Regions with significant populations
- Predominantly the Greater Buenos Aires

Languages
- Colombian Spanish; Rioplatense Spanish;

Religion
- Roman Catholicism

Related ethnic groups
- Colombians

= Colombian Argentines =

Colombian Argentines (colombo-argentinos) are Argentine citizens of partial or full Colombian descent, or Colombian citizens who have migrated to and settled in Argentina. As of 2023, there were 119,000 Colombians living in Argentina, most of whom migrated during the 2010s.

As of 2018, Colombians were the fifth-largest expat community in Argentina, behind Paraguayans, Venezuelans, Bolivians and Chileans.
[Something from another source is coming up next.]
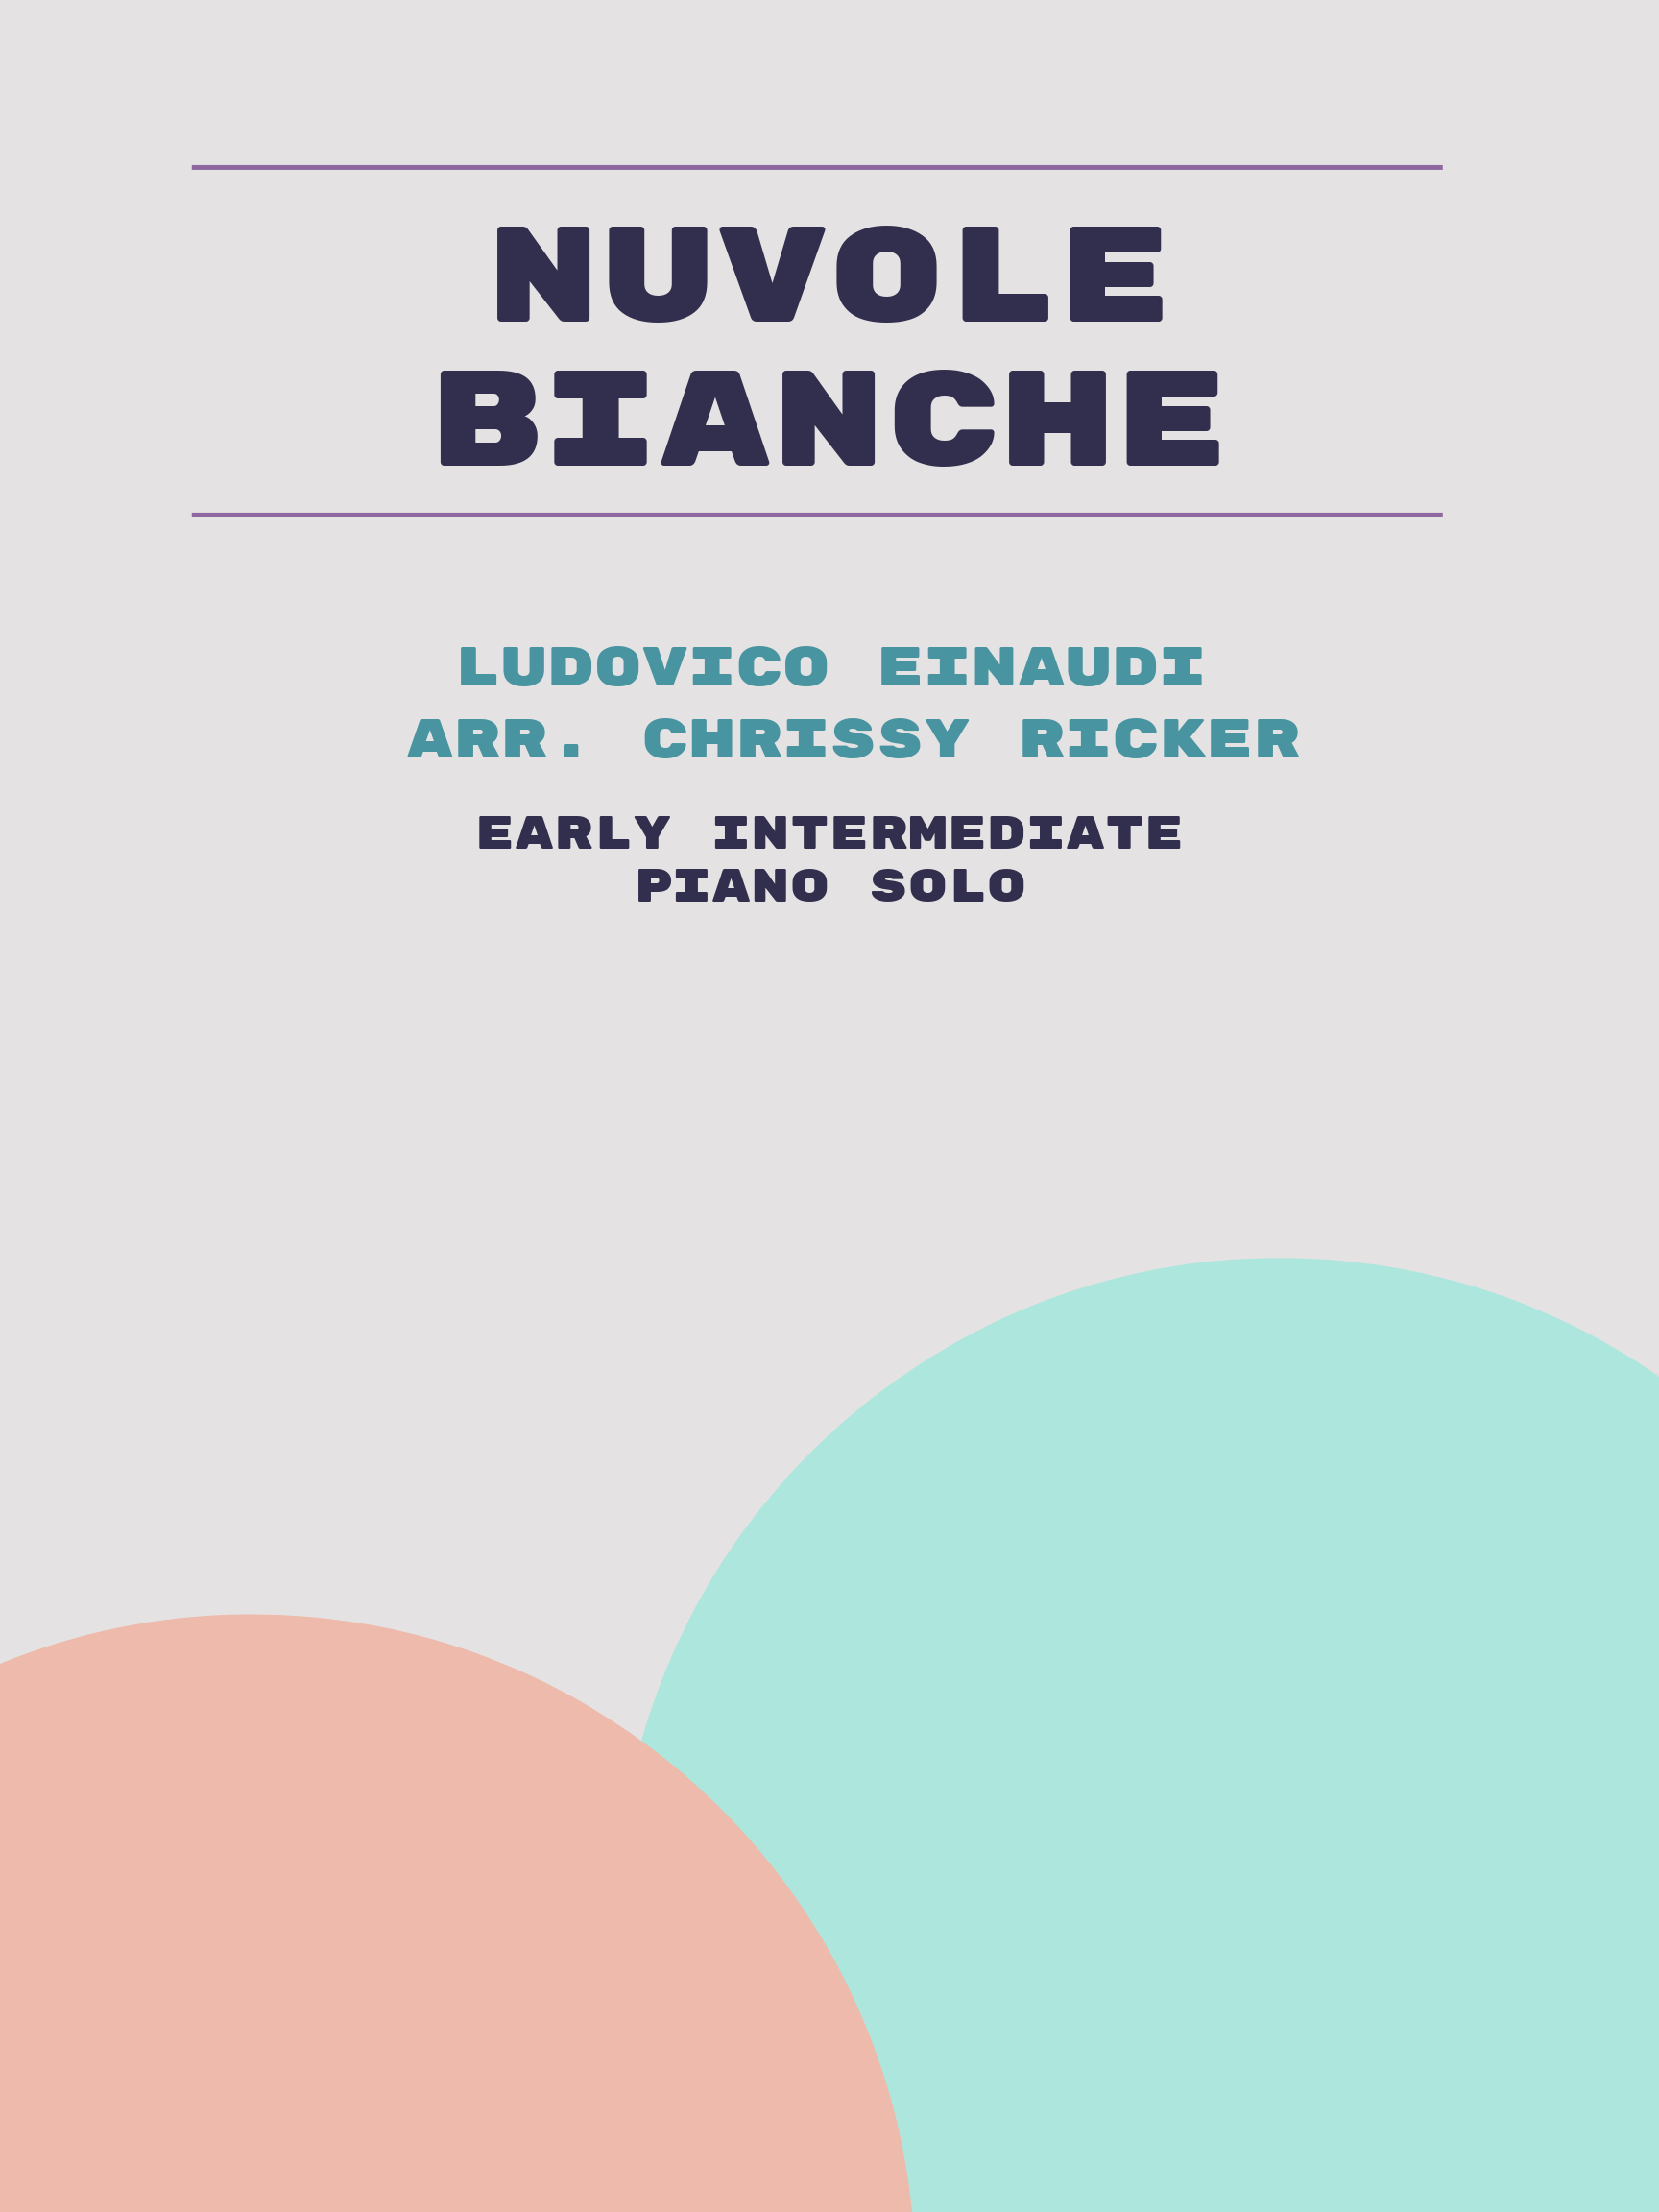 Nuvole Bianche by Ludovico Einaudi

The last census held in Argentina, in 2010, registered 17,576 Colombian migrants living permanently in the country.

==Characteristics==
One of the largest immigrant populations in Argentina, Colombian immigration grew considerably during the 2010s. While the 2001 national census in Argentina registered only 3,876 Colombian citizens residing in Argentina, the following census, held in 2010, registered 17,576, leading a 2016 IOM study characterizing it as an "emergent phenomenon". Many young Colombians choose Argentina as a temporary destination to complete higher education studies, as public universities in Argentina are free of charge, even for non-citizens. For this reason, many young immigrants settle in large urban centers close to major universities, such as Buenos Aires.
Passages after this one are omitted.